Drinks group C&C said its operating profit before exceptionals for the six months to the end of August fell by 7.9% to €55.1m.
Its half yearly revenues were down 8.1% to €307m, while basic earnings per share rose by 0.7% to 13.8 cent.
C&C said the fall in the value of sterling after the Brexit vote had an adverse impact on reported revenues and operating profits of €24.4m and €2.8m respectively.
The company also said it was seeing some volatility in consumer behaviour across industry on economic uncertainty following the Brexit vote and the subsequent devaluation in sterling.
But the company said its operating profits stabilised in Ireland after a challenging full year 2016.
C&C's group chief executive Stephen Glancey said the business is capable of weathering the current challenges.
"Our confidence in the medium to long term outlook is based on the strength of our key brands, our business model and leading positions in Ireland and Scotland - where fundamentals remain strong," Mr Glancey said.
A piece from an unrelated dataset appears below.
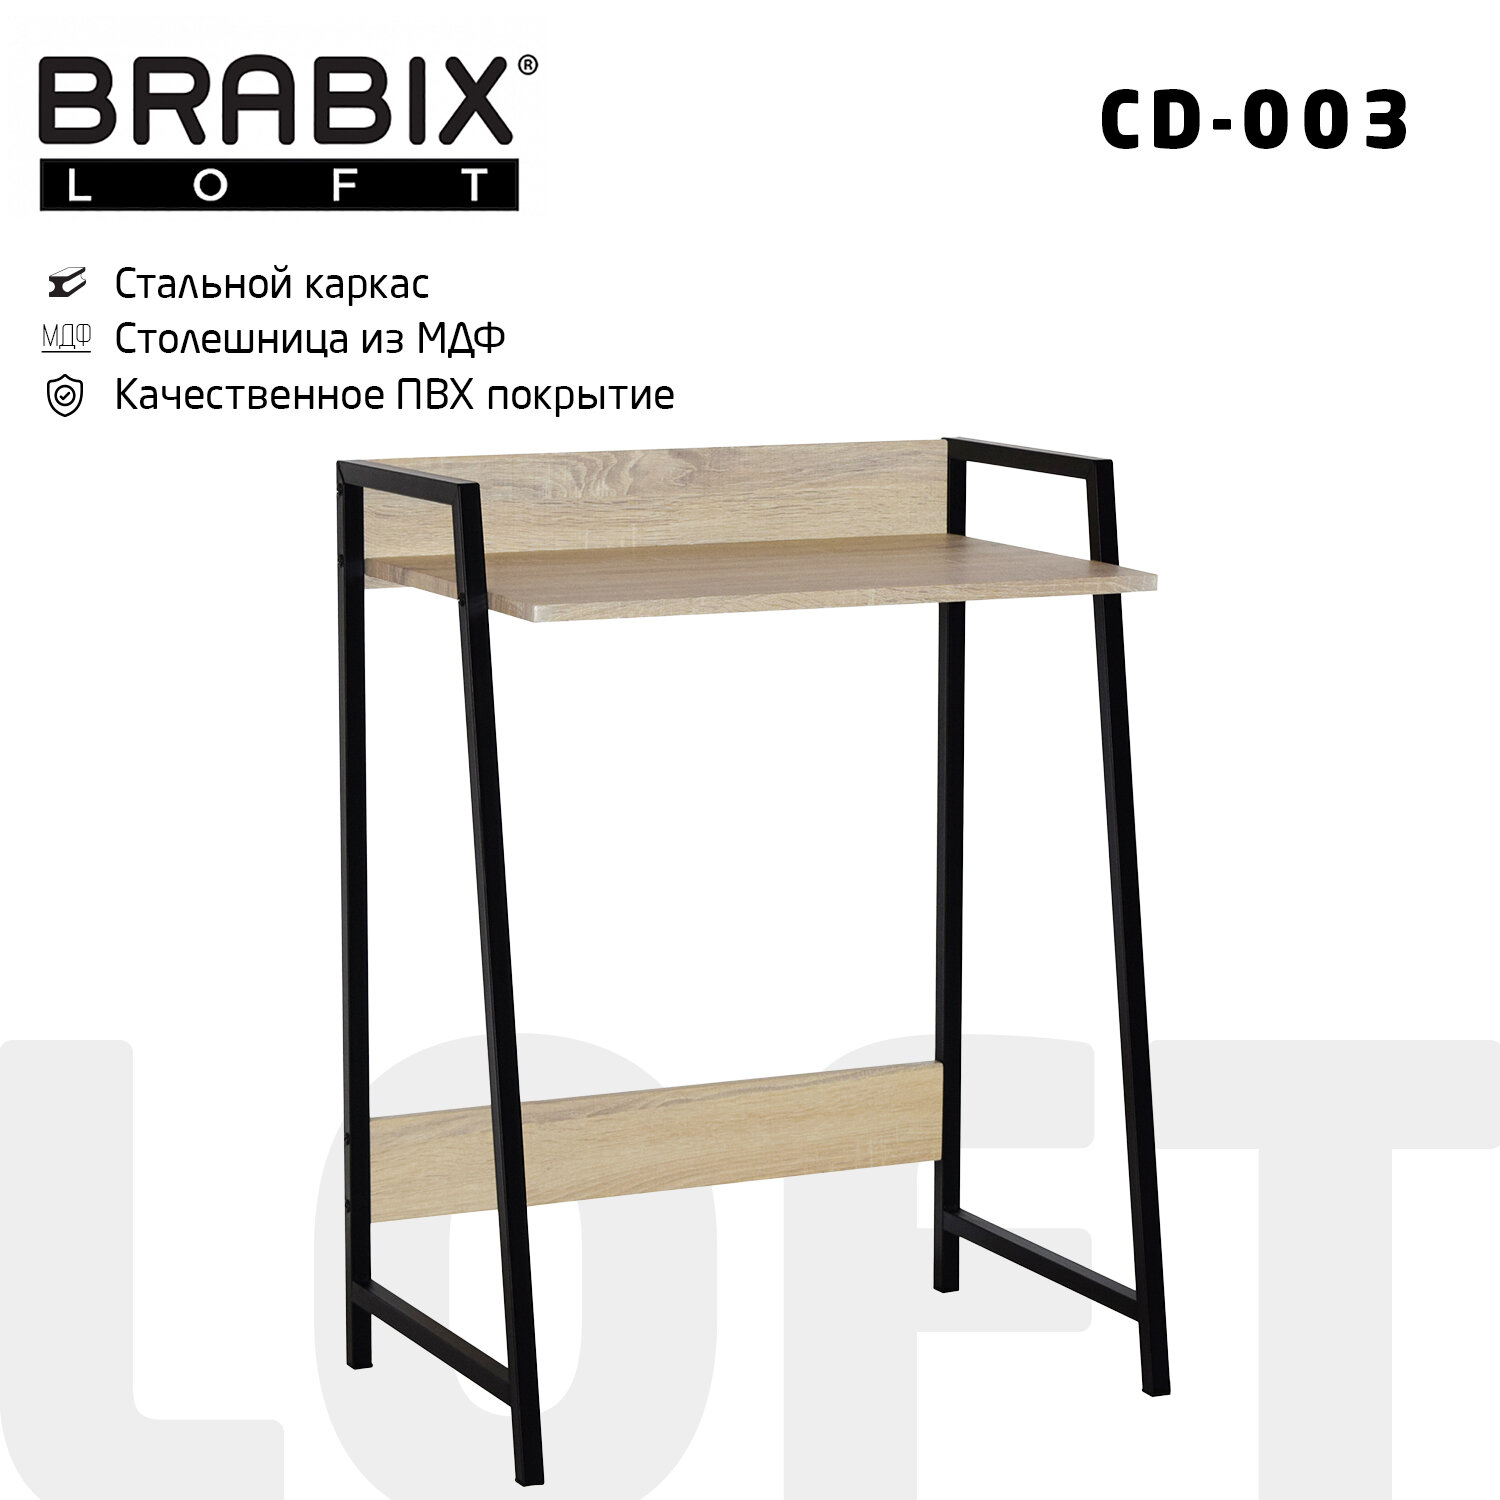 Стол на металлокаркасе Brabix Loft CD-003

He also said the company had a growing export business, a broadening portfolio of premium and speciality beers and cider as well as the right partner for its US brands.
In its results statement, C&C said that volumes of its Bulmer cider brand rose by 6%, supported by category growth and commercial initiatives. Tennent's volumes were up 2% in the Scottish market as it continued to regain market share.
It also noted that volumes of its Magners cider brand rose by 11%, while its Magners Original apple brand now makes up 84% of total brand volumes.
During the six month period, its export markets saw 10% volume growth.
It also reported 24% volume growth across its portfolio of premium and speciality beers and ciders - including Clonmel 1650, Heverlee, Menabrea, Drygate and Chaplin and Cork's.
Shares in the company closed 2.5% lower in Dublin trade today.